§ **PROBLEM TO WORK ON**
Every line of the listing belongs in your answer exactly as written; the images do not.
::: DATA SECTION :::
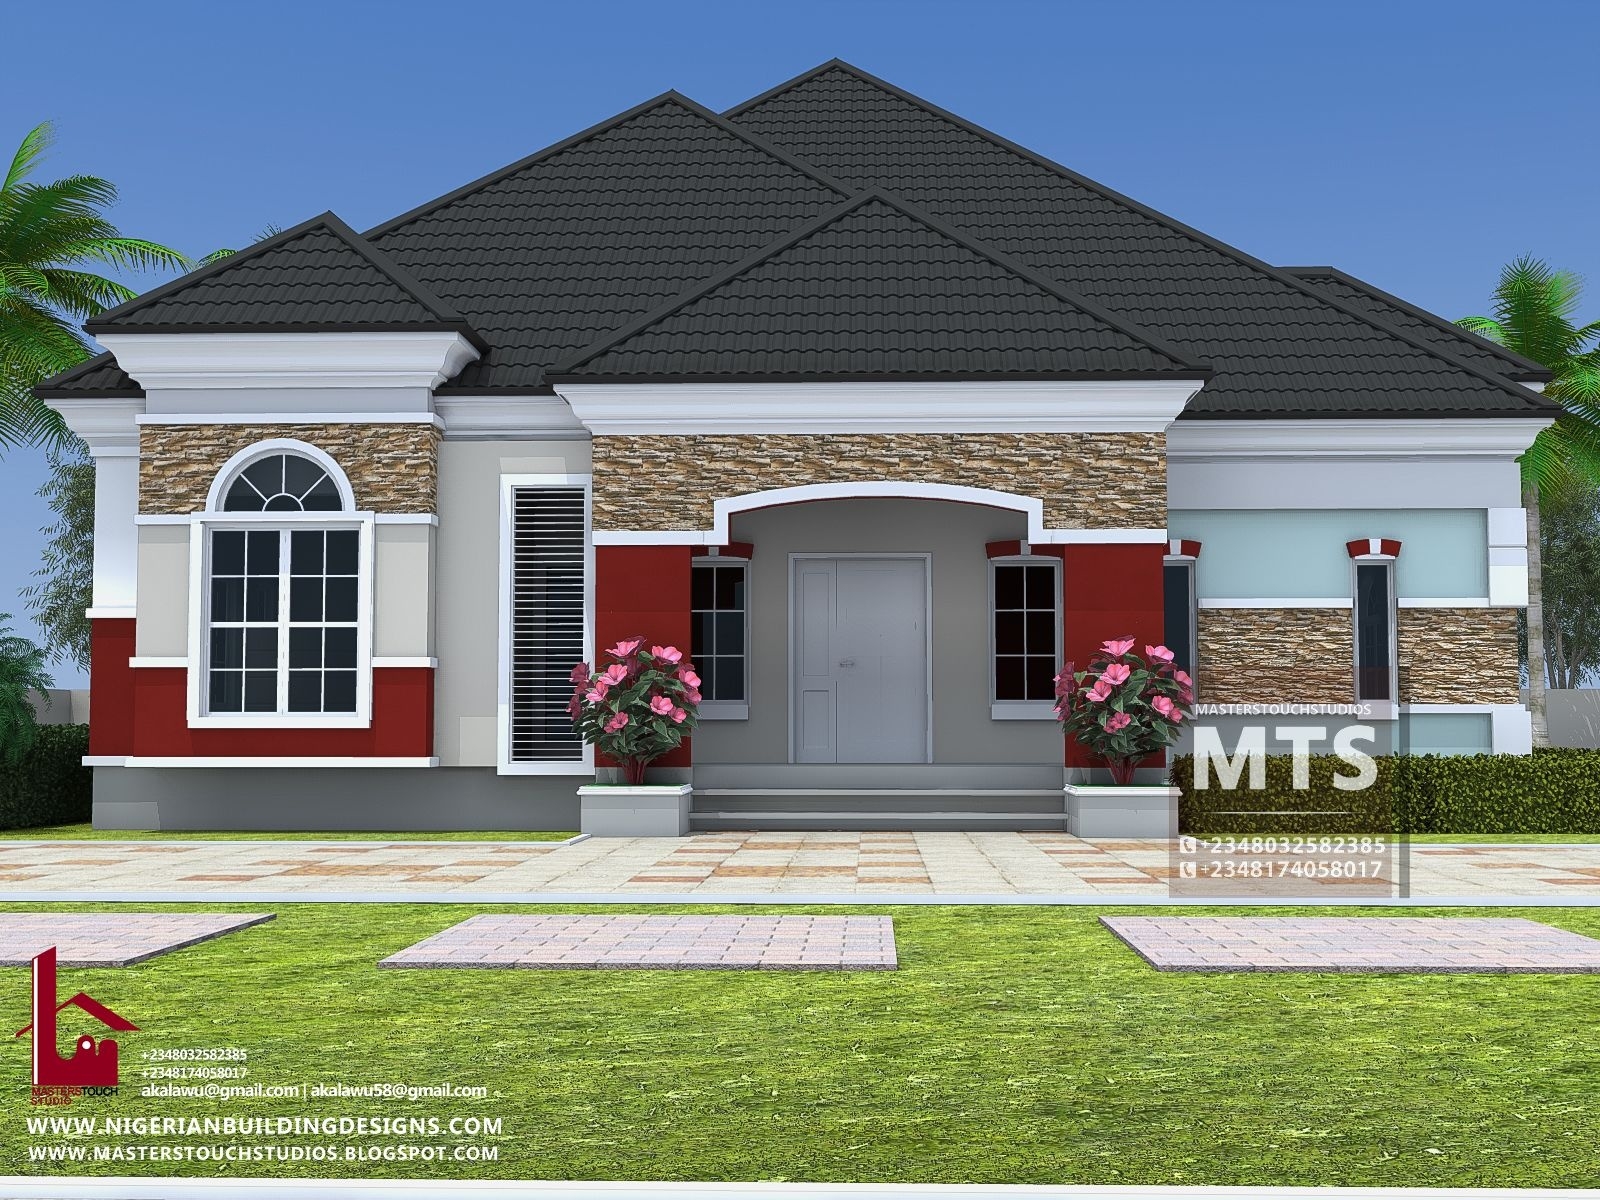 Image of bungalow exterior designs in nigeria within marvelous 4 bedroom bungalow house plans in nigeria
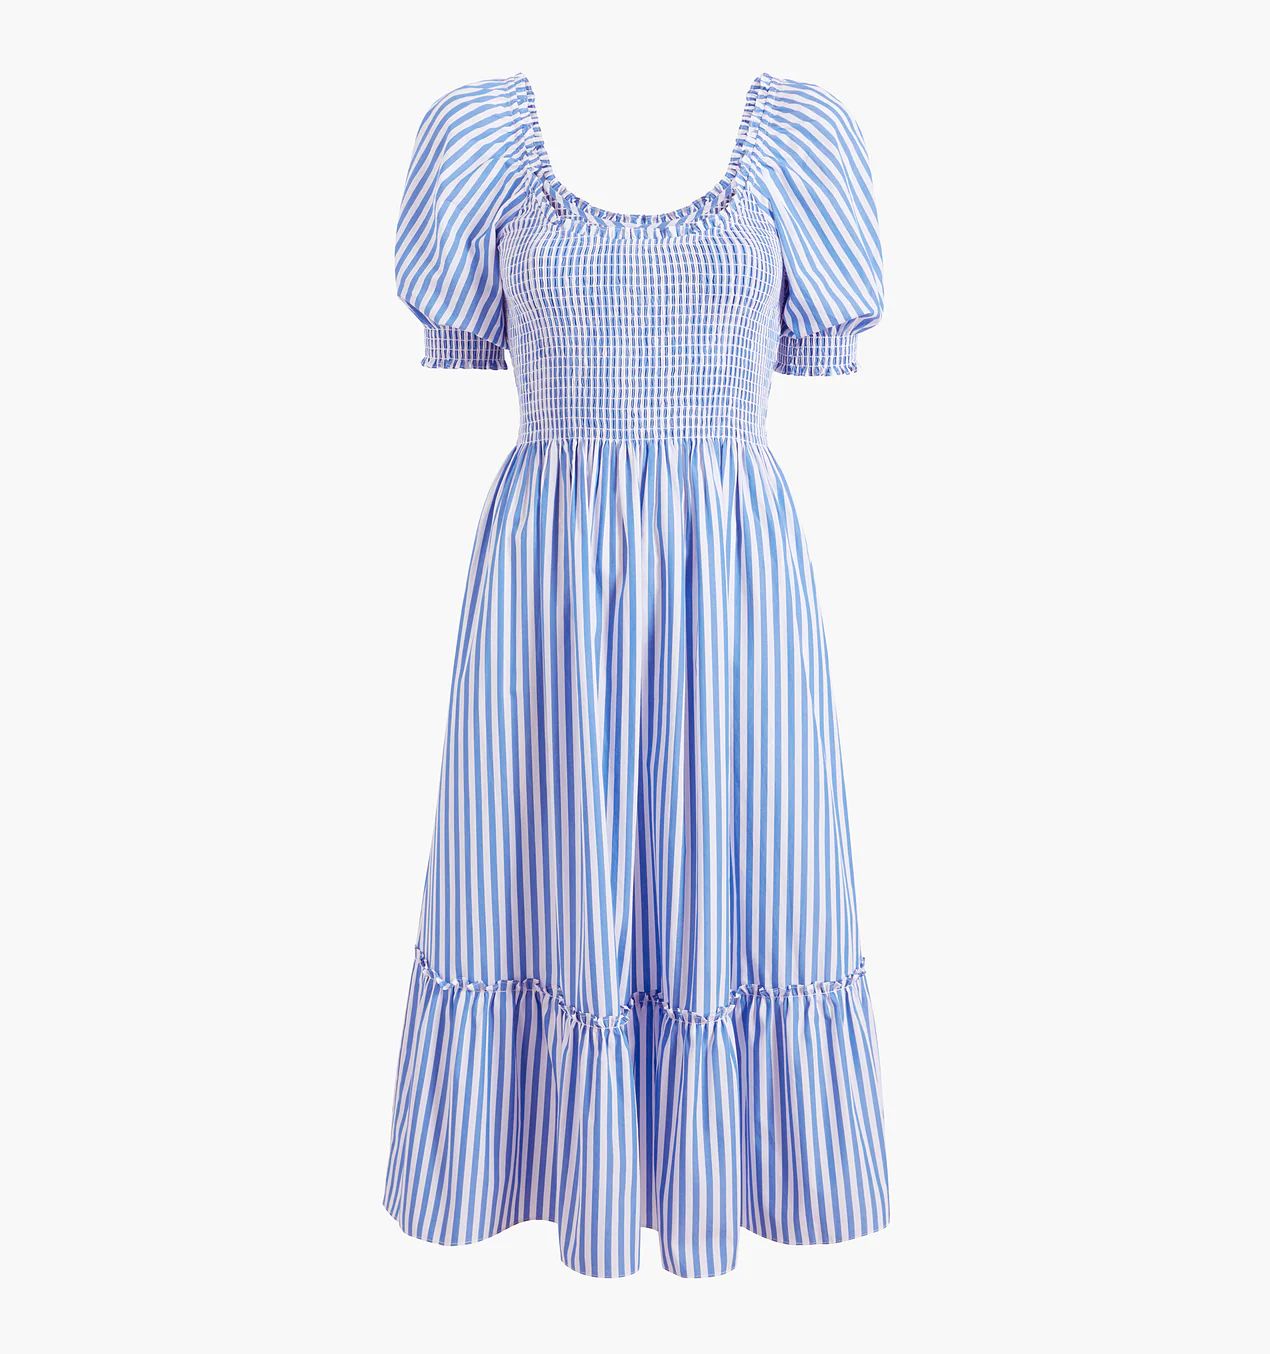 The Louisa Nap Dress - Blueberry Stripe | Hill House Home
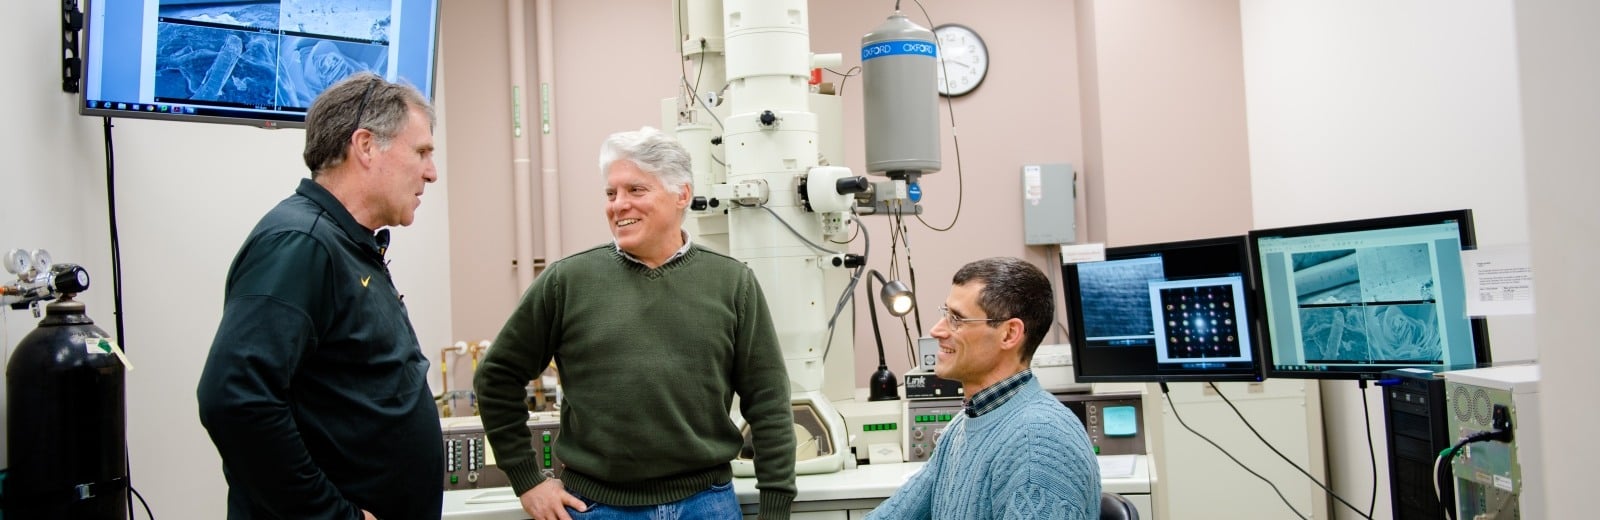 Two researchers discuss results on a moniter from an electron microsope
:::
§ **TASK OUTPUT**
 Image of bungalow exterior designs in nigeria within marvelous 4 bedroom bungalow house plans in nigeria
 The Louisa Nap Dress - Blueberry Stripe | Hill House Home
 Two researchers discuss results on a moniter from an electron microsope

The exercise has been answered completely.